The code loaded a small model (gpt2) and configured SFTTrainer with <code>bf16=True</code>. The trainer automatically enabled bfloat16 mixed precision training. During training, forward passes ran in bfloat16, but weights stayed in float32 (as controlled by the device and optimizer). The trainer output shows that mixed_precision is set to 'bf16' and fp16 is disabled. Weight dtypes remain float32 because that's where the optimizer stores them: bfloat16 is only used in the compute graph, not for weight storage.
Common gotcha
Developers often think bf16=True means 'my weights are now bfloat16': they're not. Weights stay in float32 on the optimizer side. What changes is the forward/backward compute dtype. If you set both bf16=True and fp16=True, the trainer will crash with an error about conflicting precision settings. Also, gradient accumulation with mixed precision can magnify numerical errors: reduce accumulation steps if loss becomes NaN.
Error recovery
RuntimeError: expected scalar type Float but found BFloat16Loss becomes NaN during trainingTypeError: 'NoneType' object is not subscriptable with bf16=TrueExperienced dev note
The moment you scale to real-world models (7B+), mixed precision stops being optional: it becomes required for 24GB VRAM constraints.

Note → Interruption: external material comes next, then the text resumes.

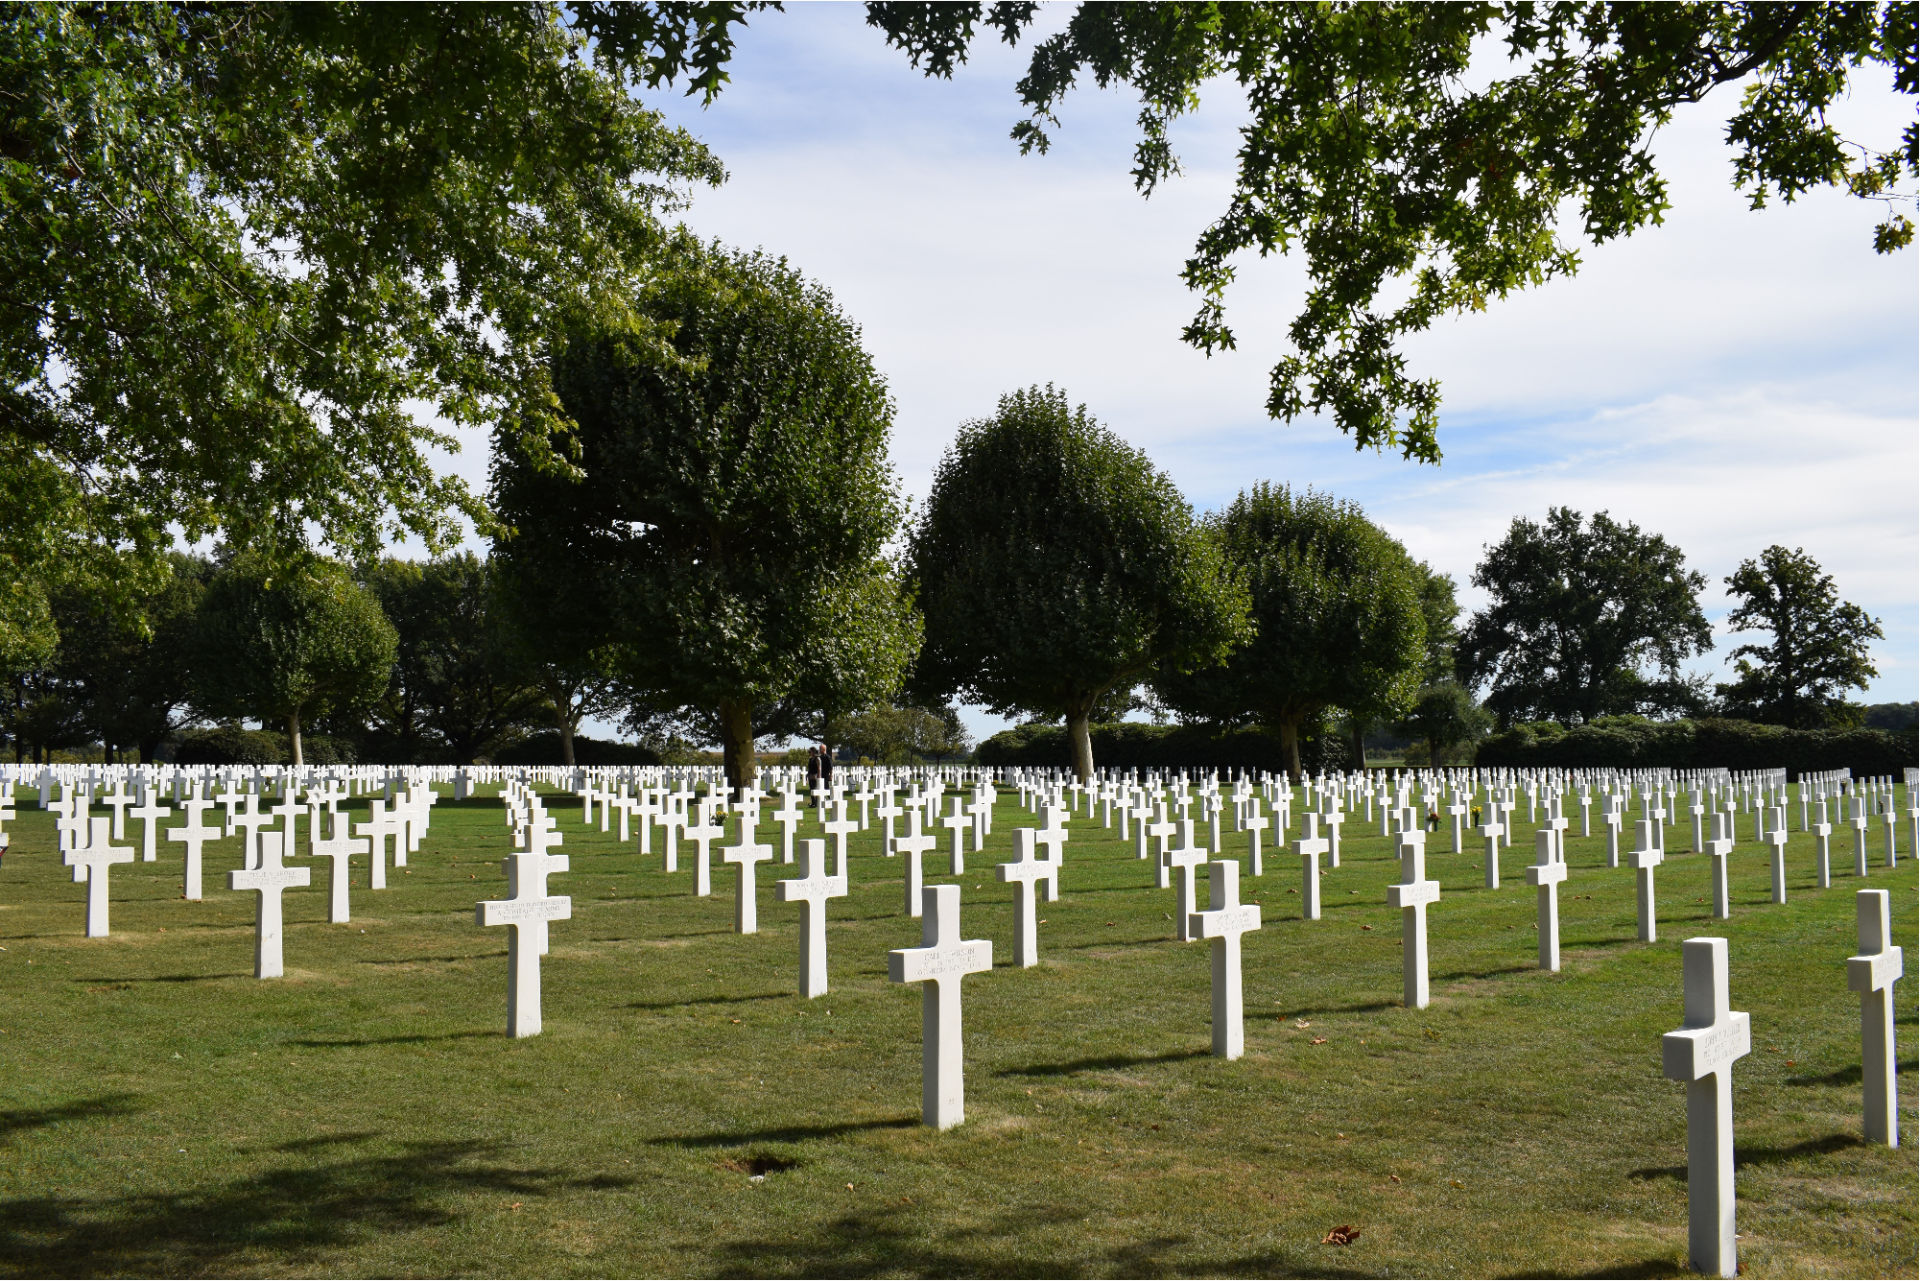 The American Cemetery and Memorial

But here's what matters: bfloat16 is the safe default on anything post-2022 (A100, newer consumer RTX). If you're on older hardware and training breaks mysteriously, it's often because float16 gradient scaling wasn't tuned. Save yourself 3 hours of debugging: start with bfloat16, monitor loss for spikes in the first 100 steps, and only drop to float32 if you see NaNs. Also, gradient clipping (max_grad_norm) becomes more important with mixed precision: set it to 1.0 by default.
Check your understanding
You train with bf16=True and notice your training loss is stable for 500 steps, then suddenly spikes to NaN in step 501. Your weights are already in float32 and learning rate is 5e-5. Why did this happen, and which single hyperparameter change is most likely to fix it without restarting? (Assume no obvious data issues.)
Show answer hint
A correct answer recognizes that gradient accumulation or a data anomaly caused an extreme gradient value that mixed precision couldn't handle. The fix is gradient_max_norm or a learning rate reduction: not precision switching, since bfloat16 is already set. Bonus insight: if this happens at a specific step, check if a long sequence or outlier example appeared in the data at that batch.